Now that I was getting a closer look at her porcelain skin, her deep red lips, and her bright blue eyes that were settled on mine, I realized she was beyond gorgeous, but that beauty was masking some kind of pain deep within her. She pushed her hair from her face, and I caught a glimpse of the shiny gold band on her left finger. Without even thinking, I blurted out, “Where’s your husband?”
She froze for a moment, like I’d just kicked her in the stomach. “Excuse me?” Her voice shook.
“I’m sorry. I noticed your wedding band.”
She closed her eyes and pulled in her lower lip. When I saw the pain radiating from her face, I began to regret being so invasive with my question. She swallowed hard and her eyes diverted to my ring finger, which still displayed my wedding band. “And where’s your wife?” she asked with tear-filled eyes, taking me a little off guard. “Don’t ask questions you’re not willing to answer yourself,” she snapped. “Come on, Gus.” Her voice cracked with emotion as she walked back to the house with Gus following behind her.

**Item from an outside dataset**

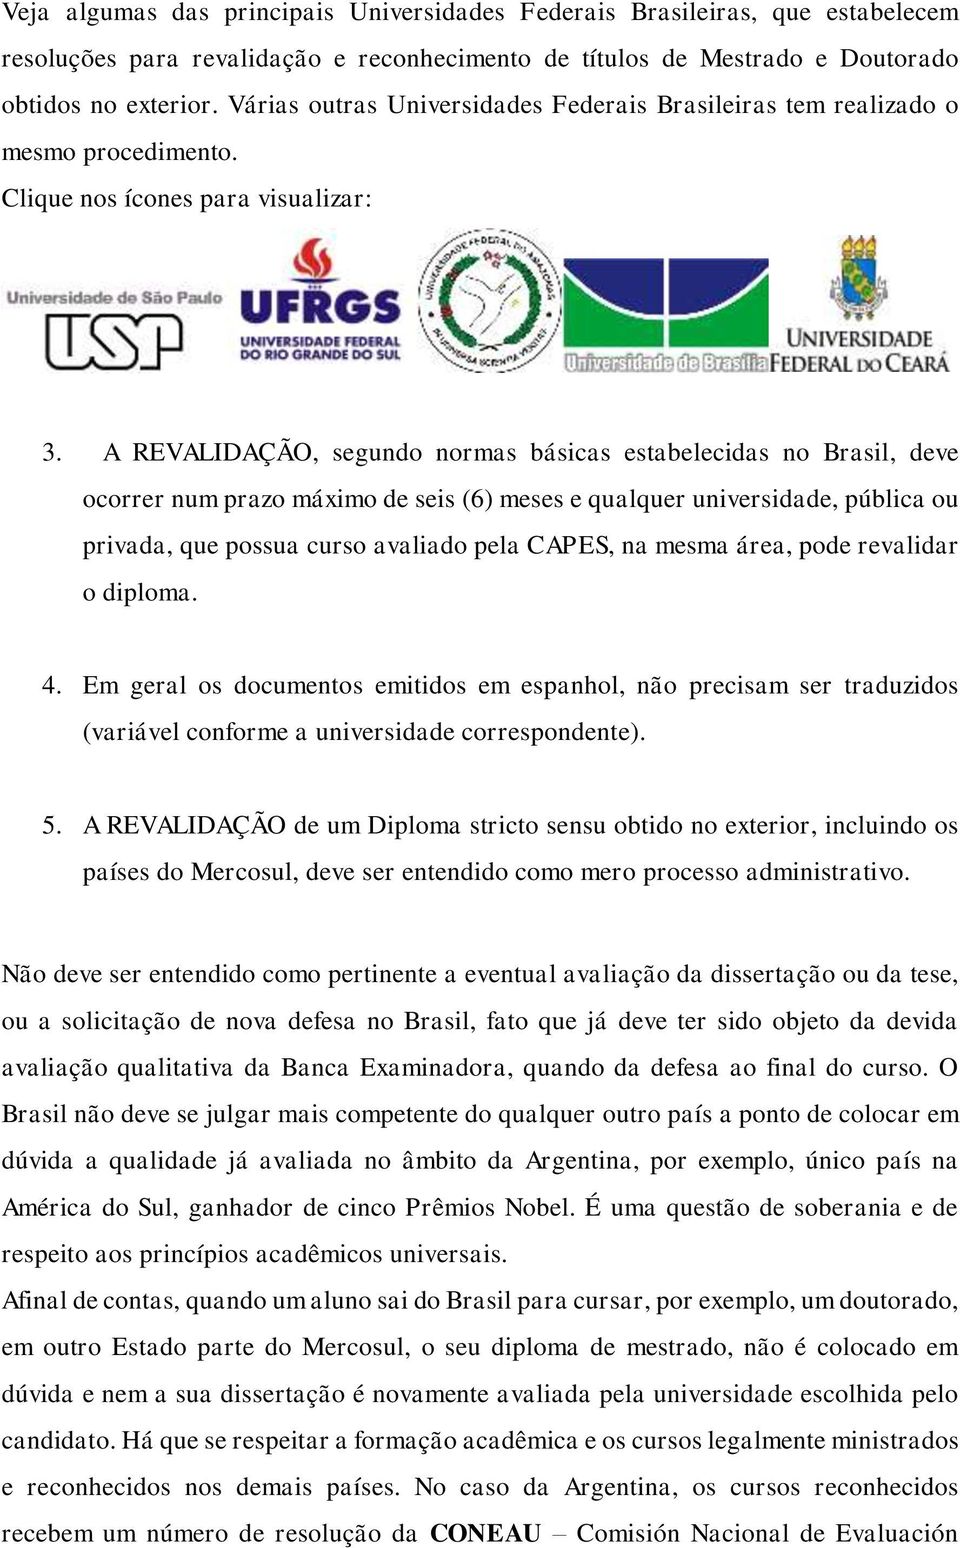 A REVALIDAÇÃO, segundo normas básicas estabelecidas no Brasil, deve ocorrer num prazo máximo de seis (6) meses e qualquer universidade, pública ou privada, que possua curso avaliado pela CAPES, na

“What the fuck?” I whispered, shaking my head in confusion. She was a complete jigsaw puzzle. Thankfully, that was one puzzle I would never have to
put together.
Chapter 4
Lacey
The half hour trip to the supermarket helped me to take my mind off my recent encounter with my landlord. The nerve of him to pry into my life in such a way. Maybe he should’ve worried about his own life before worrying about what was going on in mine. In the short time I had been here, whenever I would go past my window and see him outside, he would have a bottle in his hand, leading me to believe he was using alcohol as a crutch to get him through something in his life. Would I be as forward to ask him what his problem was? No. Not even the old Lacey would be that intruding. Bottom line was we all had problems, and we all dealt with them in different ways. He chose to drink, and I chose to become a hermit. It wasn’t my place to question anything about him, and it wasn’t his place to question anything about me.
I pulled off the main road and down the long dirt driveway, fuming once again just thinking about the knot that had formed in my stomach when he had asked that question. Aaron was a topic of conversation that was off-limits with anyone, except Gus and my inner self. When I pulled up closer to the house and saw him looking for something in the back of his truck, I debated on whether I should wait to make my exit and carry my bags inside. After a few minutes of sitting in my Jeep, I realized how silly I was being. I had made it clear to him out on that dock to mind his own business. He would have to be totally stupid to ask any more questions of me. I hopped out, and just like I had thought, he had learned his lesson, not even lifting his head at the closing of my Jeep door. As I walked around to get my bags out of the back seat, I couldn’t help but notice him now sitting on the tailgate of his pick-up truck with a blood soaked towel wrapped around his hand. I paused for a moment, wondering if I should check if he was okay. Stop it, Lacey! You mind your business and he’ll mind his. I grabbed one of the bags and caught another quick glimpse of him applying pressure to his hand. If there was one thing I hated, it was seeing others in pain. It was something I had identified with even more within the past two years. Carrying my bag, I cautiously approached his truck.